NDIC daily permit feed → nd_daily.json

The North Dakota Industrial Commission (NDIC) publishes daily oil and gas permit activity. We mirror this as a static nd_daily.json served from S3. The file covers 2,171 wells across 8 permit status sections — everything from newly active wells to confidential permits and plugged holes.

Input

NDIC public web interface / daily updated permit database

Process

Daily sync script parses 8 permit sections, serializes to JSON

Output

website/nd_daily.json — 2,171 wells, ~1.2 MB

nd_daily.json — data structure

{
  "data": {
    "active": [
      {
        "wellNumber": "W41156",
        "operator":   "Slawson Petroleum Company",
        "wellName":   "BEAR DEN FEDERAL 1-19H",
        "county":     "Mountrail",
        "formation":  "Bakken",
        "permitDate": "2025-01-15"
      }
      // ... 2,171 total entries across 8 sections
    ],
    "conf":                  [...], // confidential
    "approved":              [...], // approved, not yet spudded
    "approved_confidential": [...],
    "conf_plugged_or_prod":  [...],
    "released_confidential": [...],
    "plugged":               [...],
    "other":                 [...]
  }
}

NDIC Portal Python requests JSON AWS S3

1

Permit Identification

What's new?

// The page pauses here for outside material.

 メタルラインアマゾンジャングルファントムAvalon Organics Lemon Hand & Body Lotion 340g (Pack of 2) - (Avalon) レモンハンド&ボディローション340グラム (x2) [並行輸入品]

Cross-reference against local state.

The orchestrator scans nd_daily.json for permits issued in the last 7 days (configurable), then cross-checks against a local SQLite database to skip wells already processed. This makes every run idempotent — re-running the pipeline never double-processes a well. Maximum 100 wells per run to prevent rate-limit issues downstream.

Input

nd_daily.json (all 8 sections)
nd_signals.db — SQLite tracking DB

Process

Filter by permit date (last 7 days)
Dedup against wellfile_fetches table
Cap list at 100 per run

Output

Ordered list of new well numbers
e.g. ["W41156", "W41157", "W41435"]

orchestrate_wellfile_pipeline.py — Stage 1

def identify_new_permits(self):
    cutoff = datetime.now() - timedelta(days=CONFIG['lookback_days'])
    processed = self.db.get_processed_wells()  # set from SQLite
    new_wells = []

    for section in nd_daily['data'].values():
        for well in section:
            permit_dt = datetime.strptime(well['permitDate'], '%Y-%m-%d')
            if permit_dt >= cutoff and well['wellNumber'] not in processed:
                new_wells.append(well['wellNumber'])

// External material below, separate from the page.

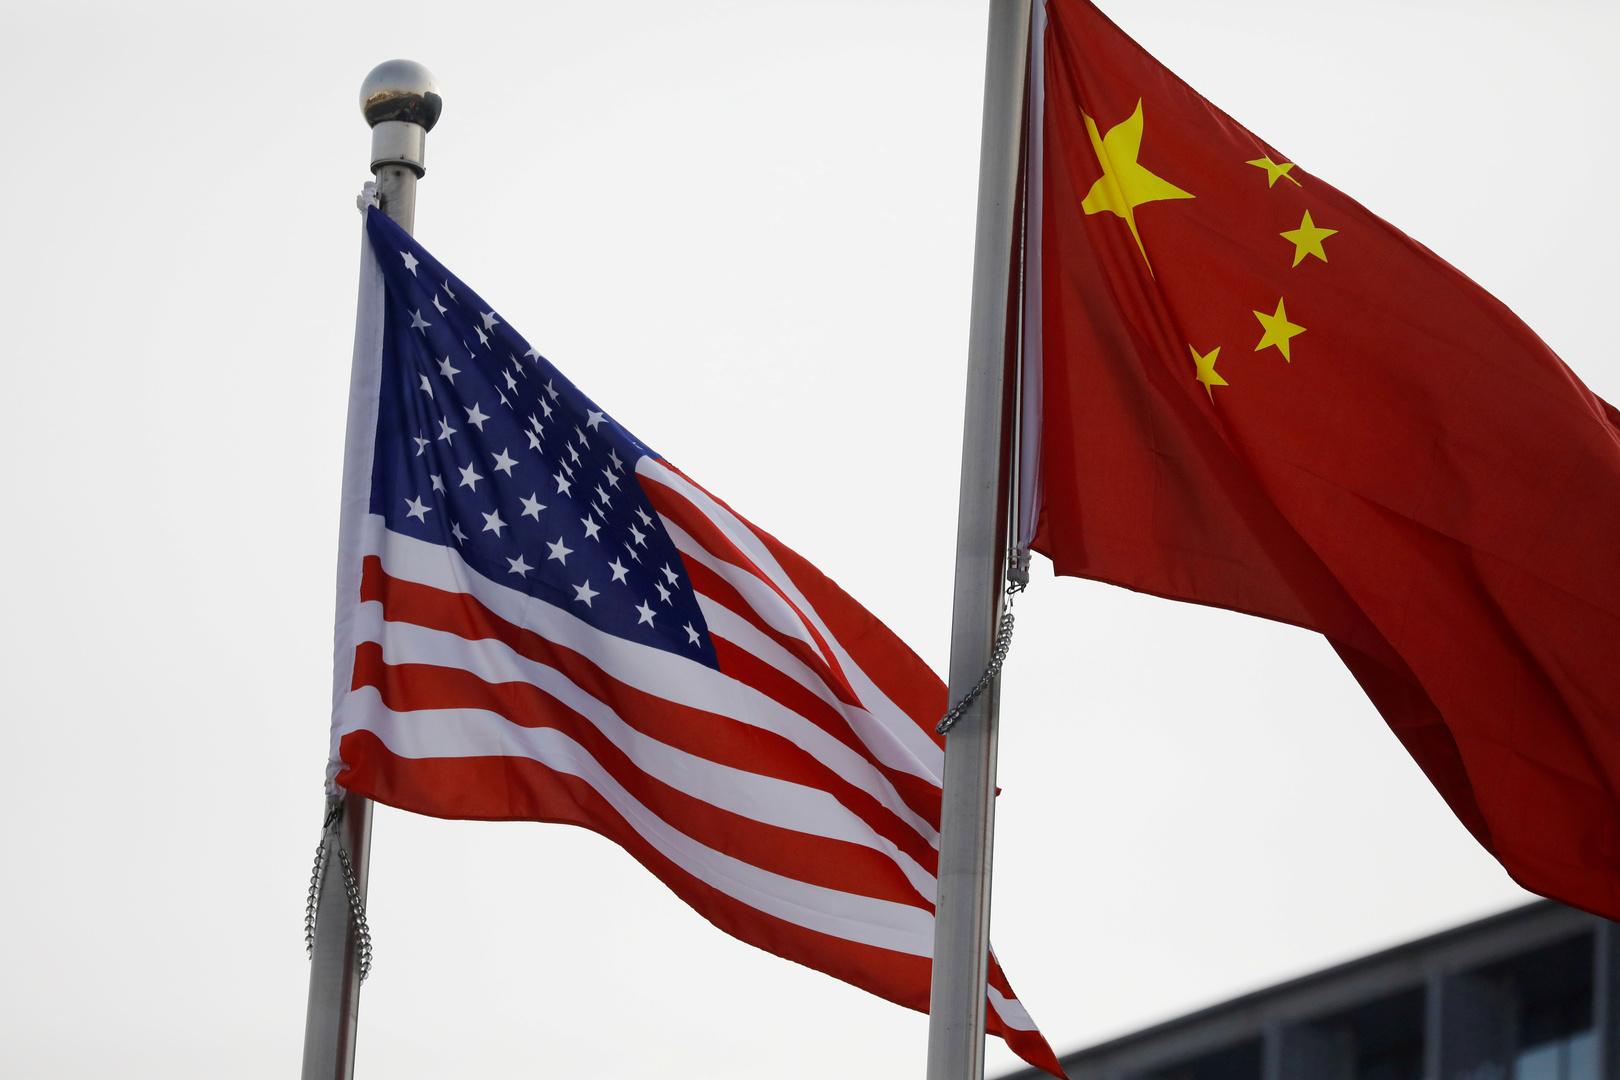 بكين منتقدة واشنطن: لا يمكن إيقاظ من يتظاهر بالنوم

    return new_wells[:CONFIG['max_per_run']]  # cap at 100


# Cron schedule — macOS launchd / crontab
# 0 2 * * * /usr/bin/python3 /path/to/orchestrate_wellfile_pipeline.py >> /var/log/pipeline.log 2>&1

Python 3 SQLite cron / launchd

2

PDF Acquisition

Download official wellfile PDFs from NDIC.

Each new well number maps to an official wellfile PDF in the NDIC document portal. These are the raw regulatory filings — scanned forms, diagrams, and permit conditions that contain the structured intelligence we need. Downloads are rate-limited to avoid triggering blocks, and all outcomes are logged to SQLite for auditability.

Input

Well number list from Stage 1
e.g. ["W41156", "W41157"]

Process

Construct NDIC PDF URL per well
Download at 0.5 req/sec
3 retries on failure
Log to wellfile_fetches table

Output

ND/wellfiles/pdfs/W{num}.pdf
Typical size: 7–20 MB per well

PDF download — rate-limited

NDIC_PDF_URL = "https://www.dmr.nd.gov/oilgas/Wellfiles/{well_num}.pdf"

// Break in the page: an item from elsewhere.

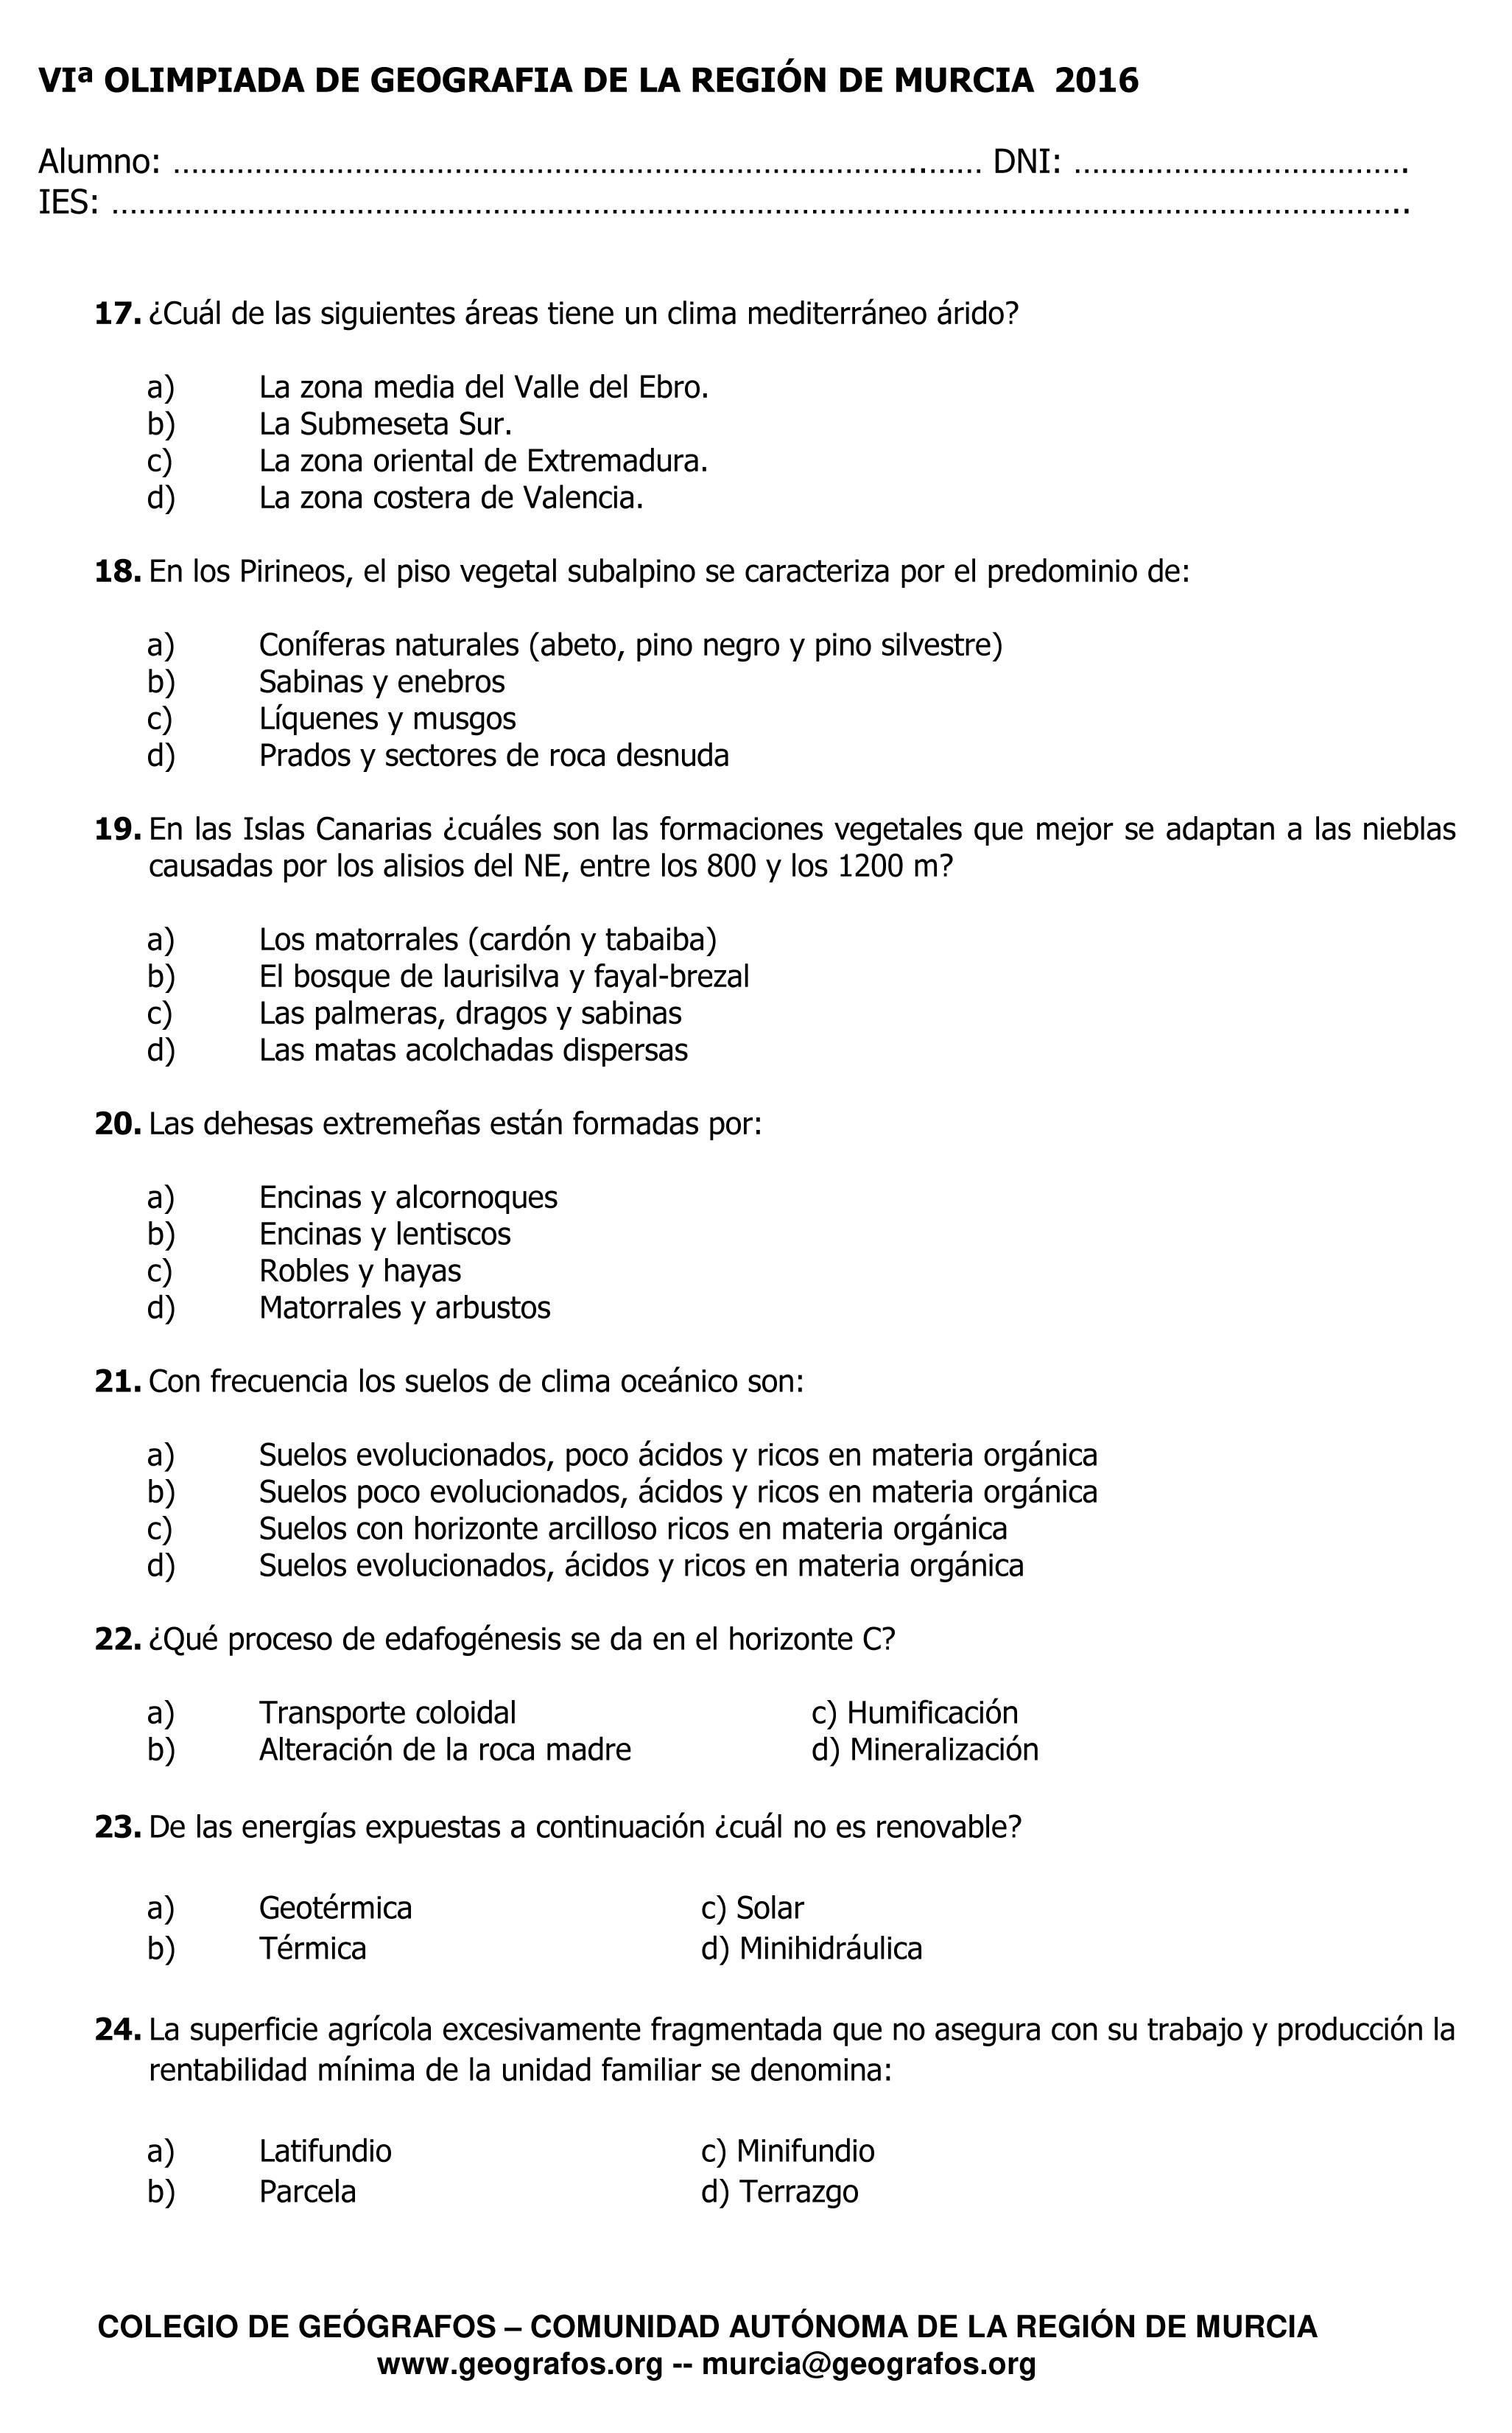 Cuestiones de la VI Olimpiada de Geografía Región de Murcia 2016 - 3

for well_num in new_wells:
    url = NDIC_PDF_URL.format(well_num=well_num)

    for attempt in range(3):
        try:
            resp = requests.get(url, timeout=30)
            if resp.status_code == 200:
                path = PDFS_DIR / f"{well_num}.pdf"
                path.write_bytes(resp.content)
                db.mark_downloaded(well_num)
                break
        except requests.RequestException as e:
            logging.warning(f"Attempt {attempt+1} failed: {e}")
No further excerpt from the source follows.